**Stored data**
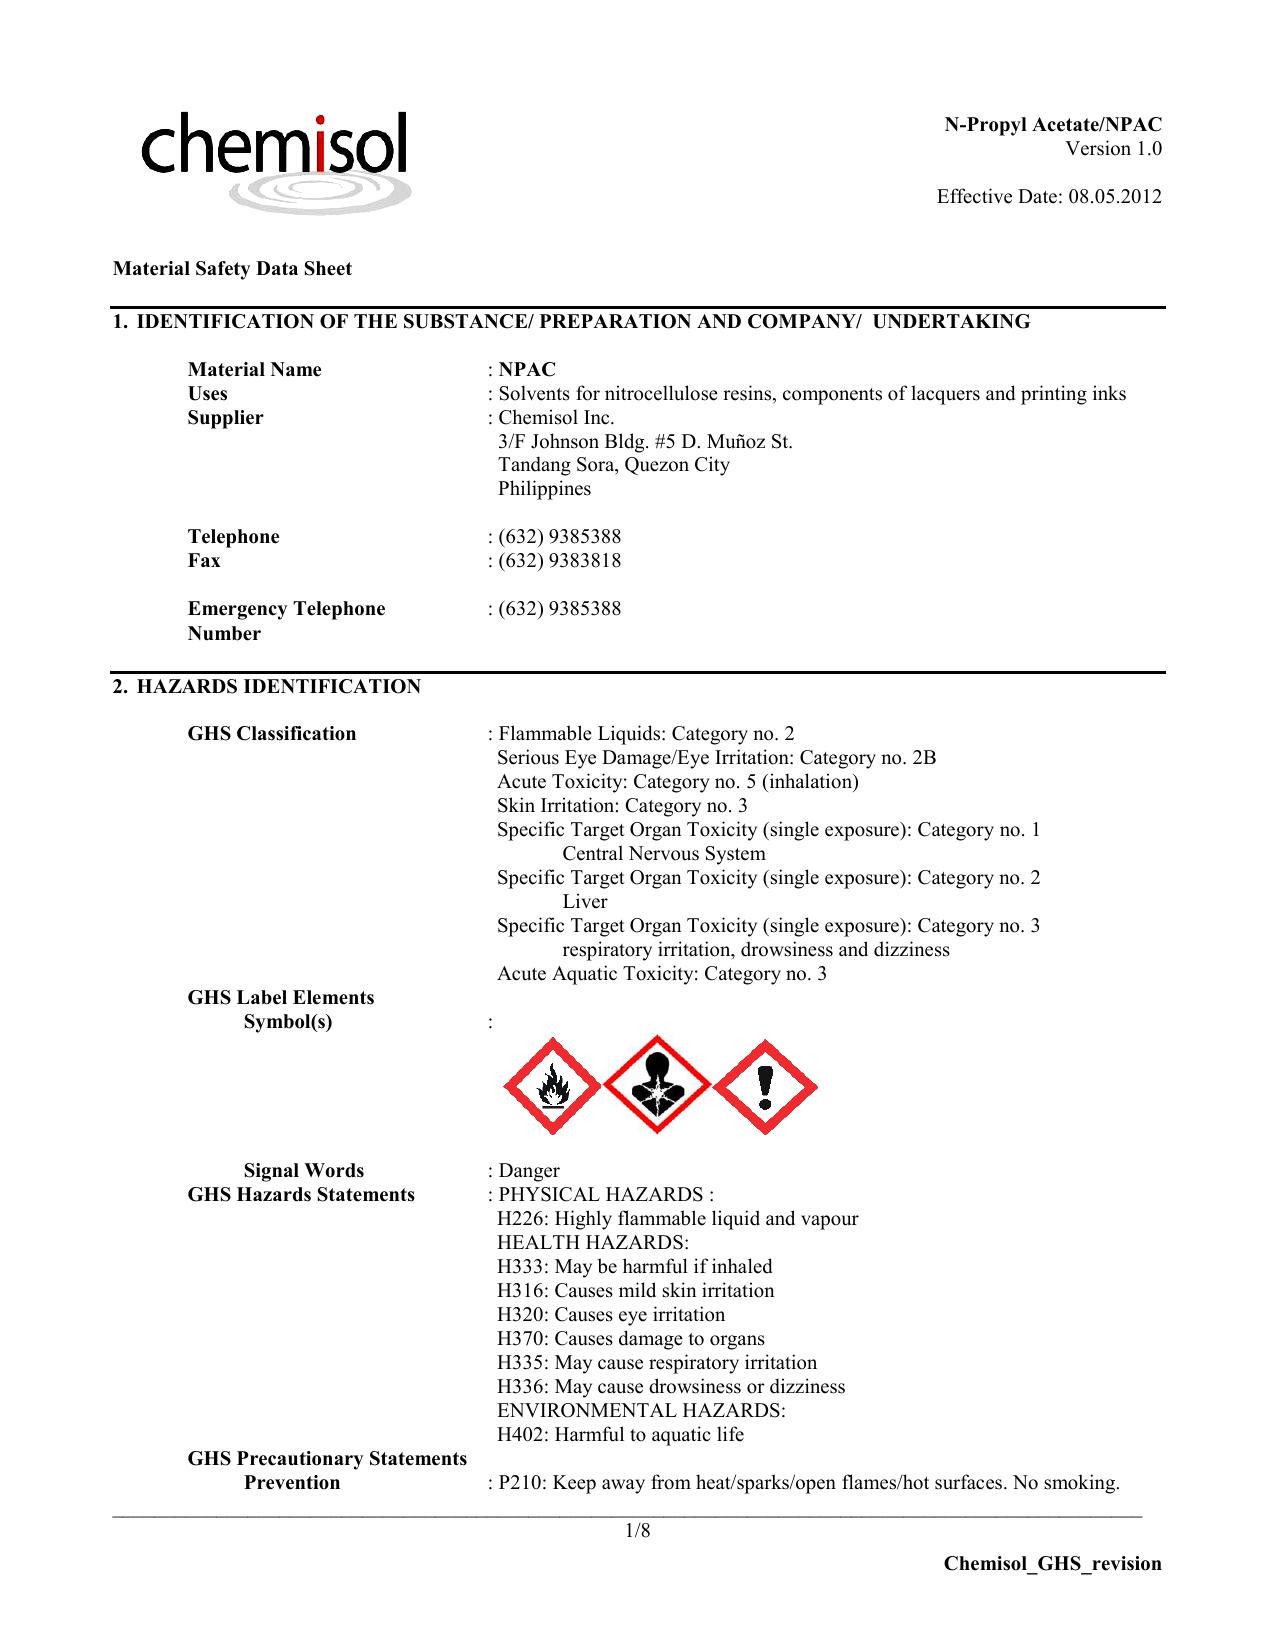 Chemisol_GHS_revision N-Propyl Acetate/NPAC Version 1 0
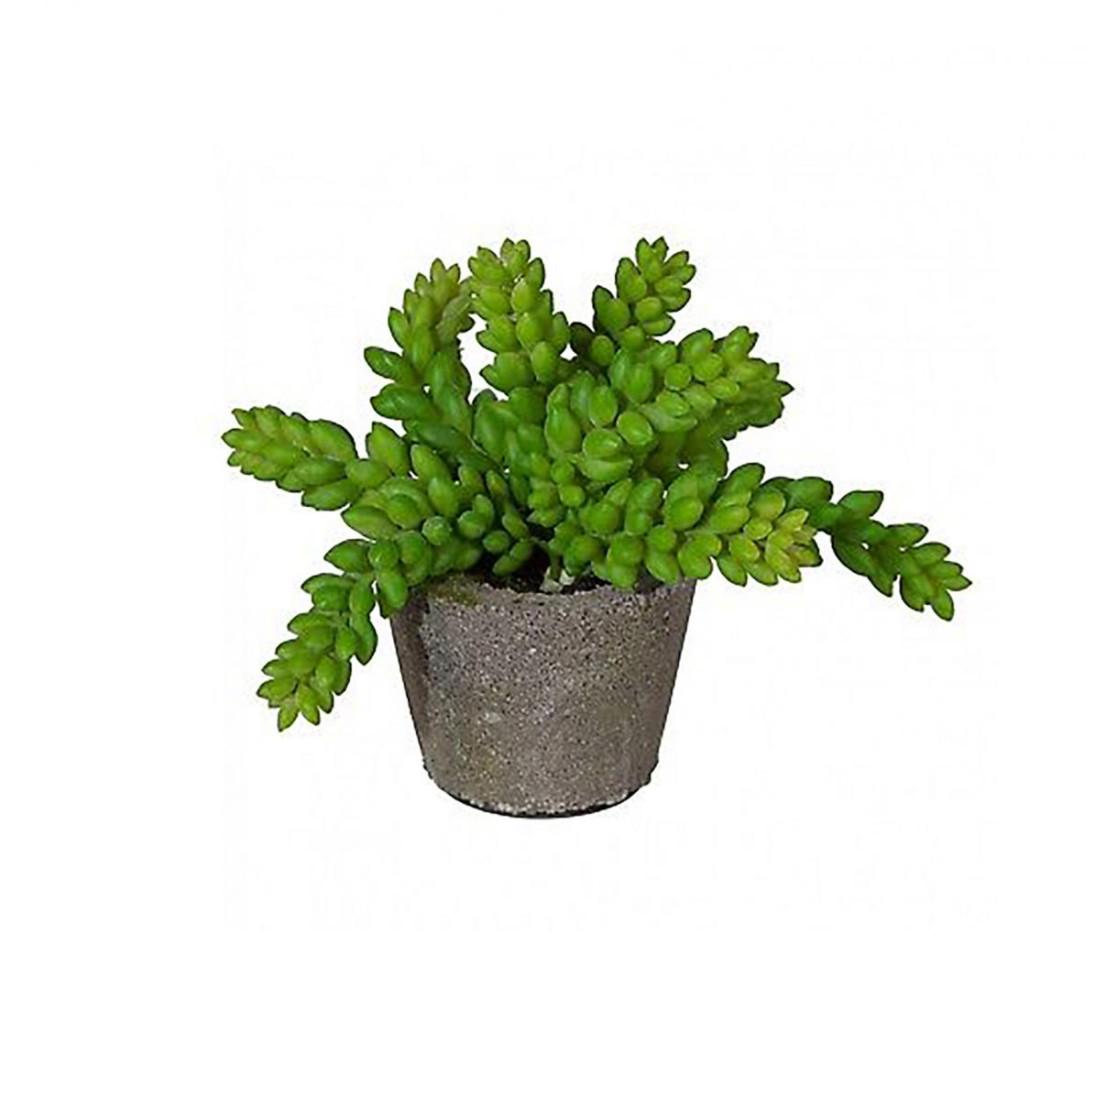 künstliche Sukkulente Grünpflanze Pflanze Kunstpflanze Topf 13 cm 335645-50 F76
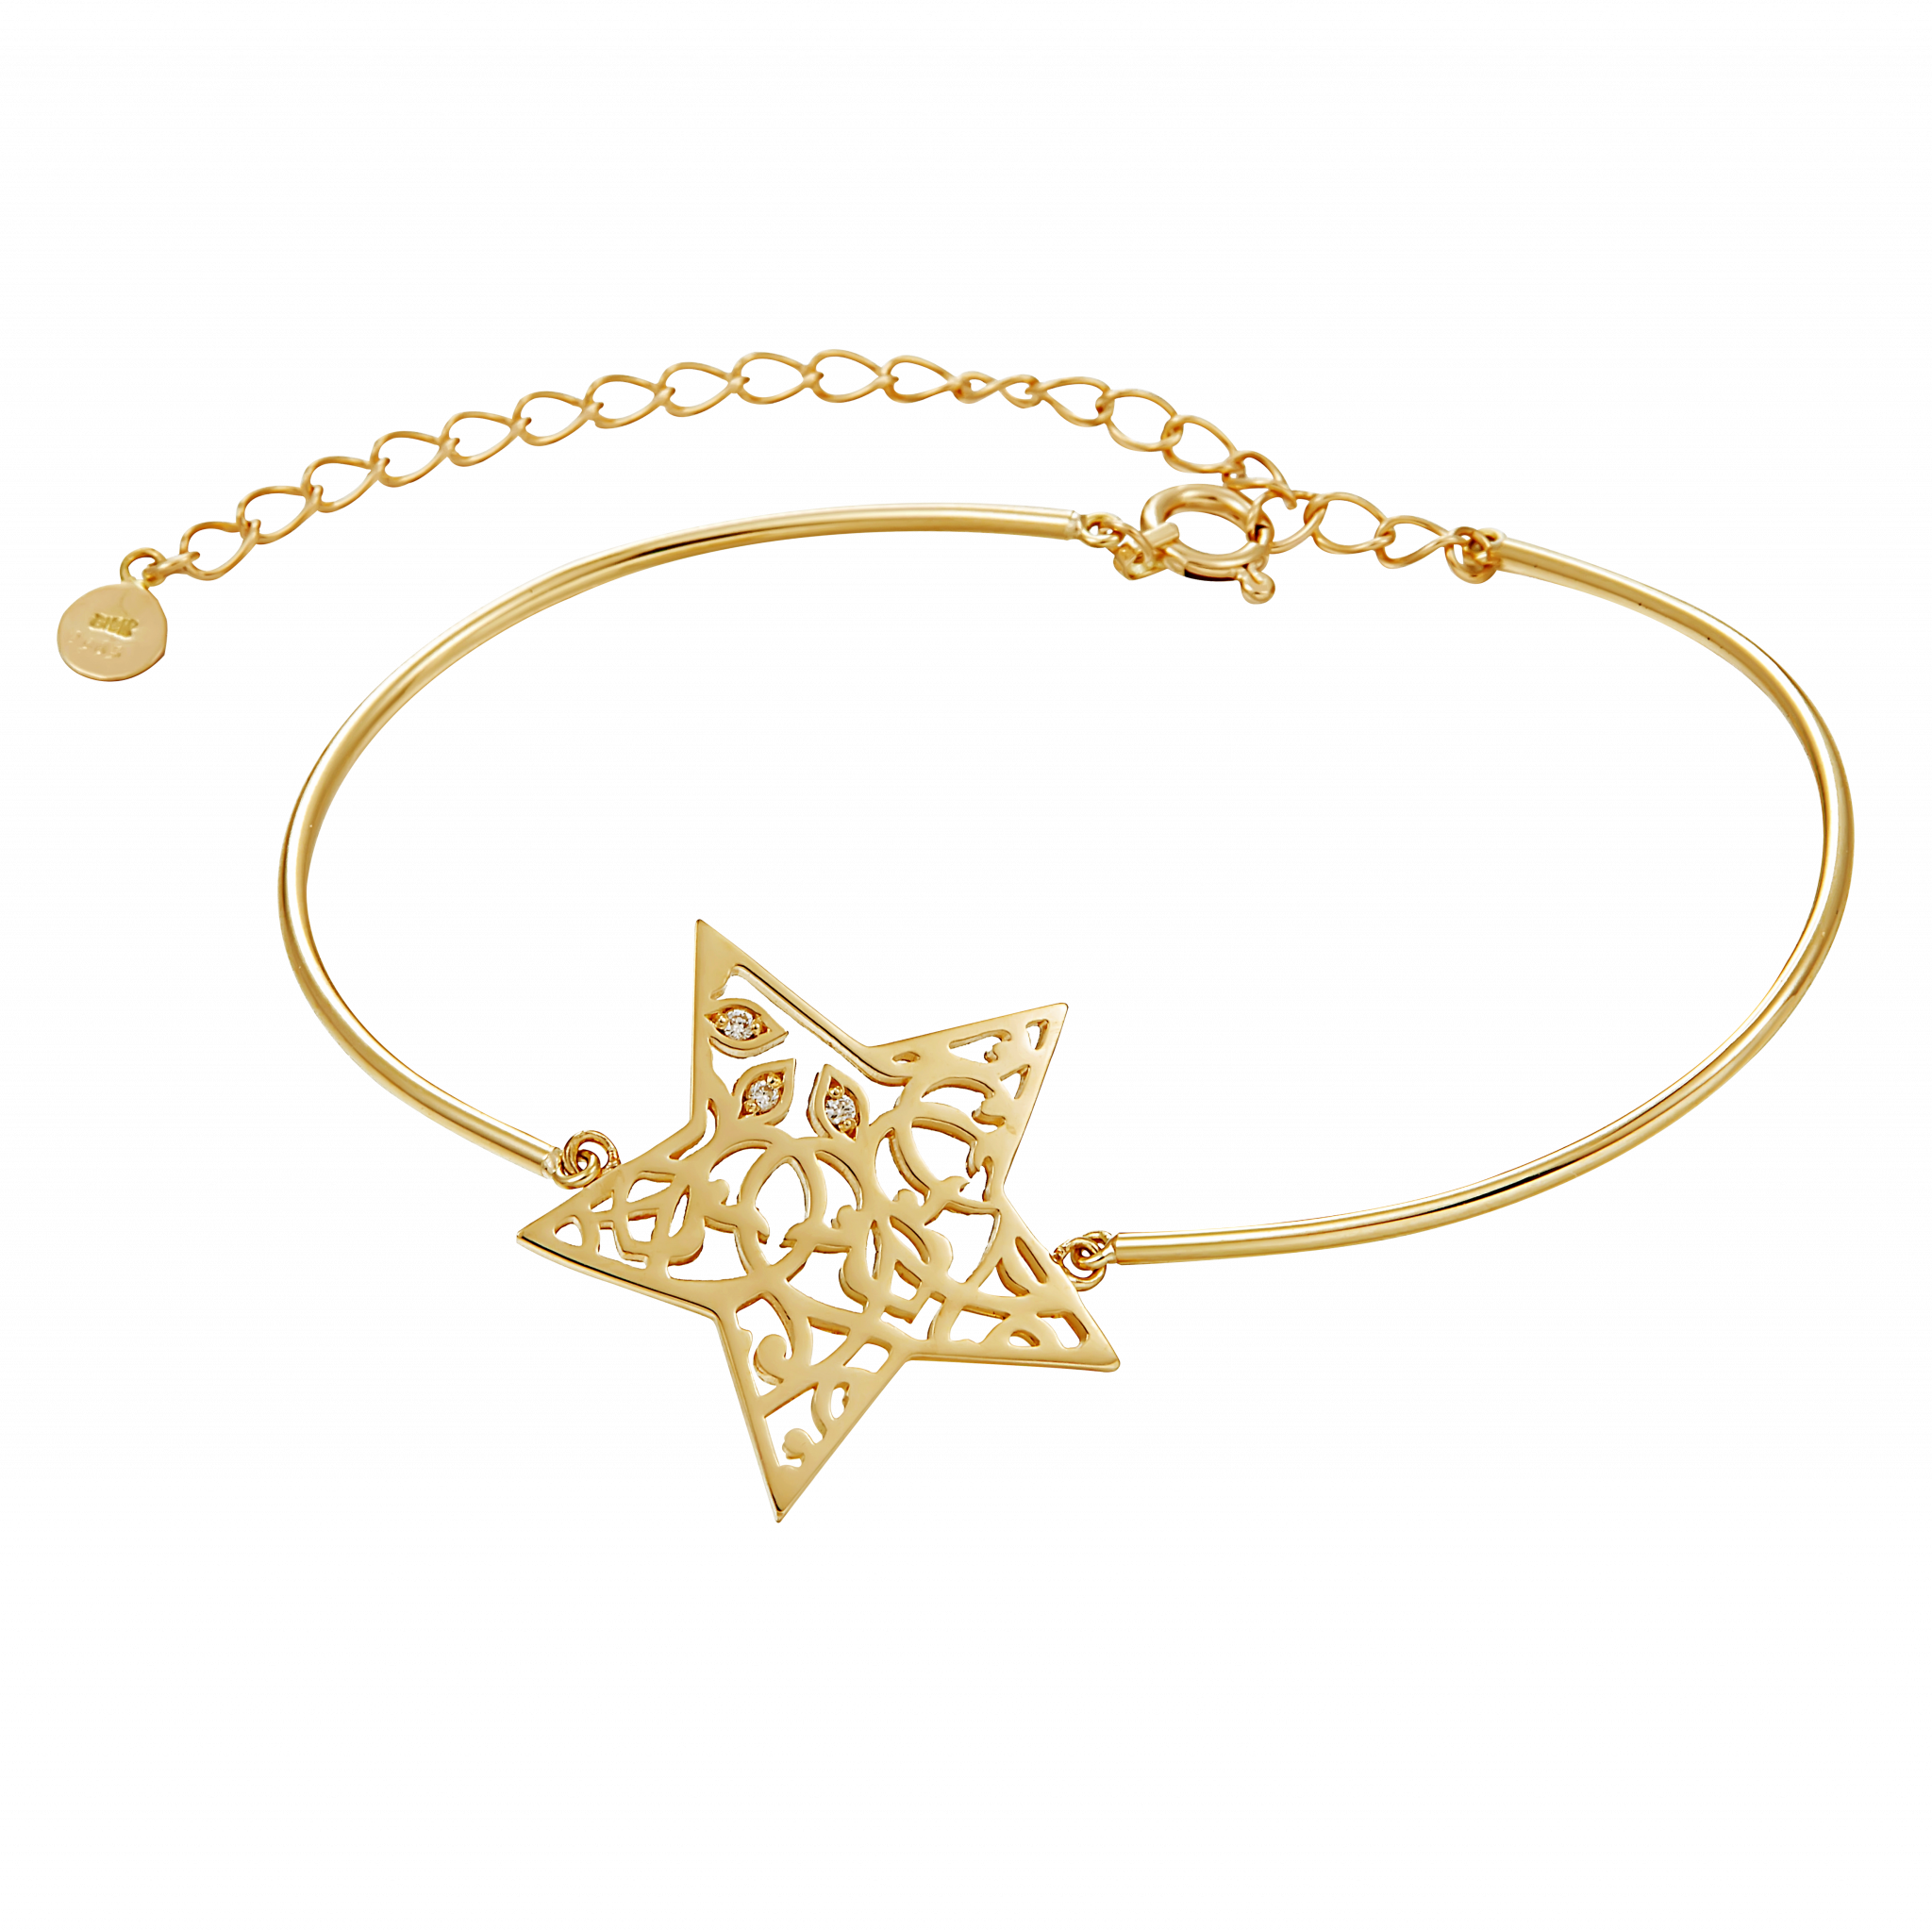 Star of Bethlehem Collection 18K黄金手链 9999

**Task to carry out**
Exclude every picture and copy the remaining data exactly.

**Exercise result**
 Chemisol_GHS_revision N-Propyl Acetate/NPAC Version 1 0
 künstliche Sukkulente Grünpflanze Pflanze Kunstpflanze Topf 13 cm 335645-50 F76
 Star of Bethlehem Collection 18K黄金手链 9999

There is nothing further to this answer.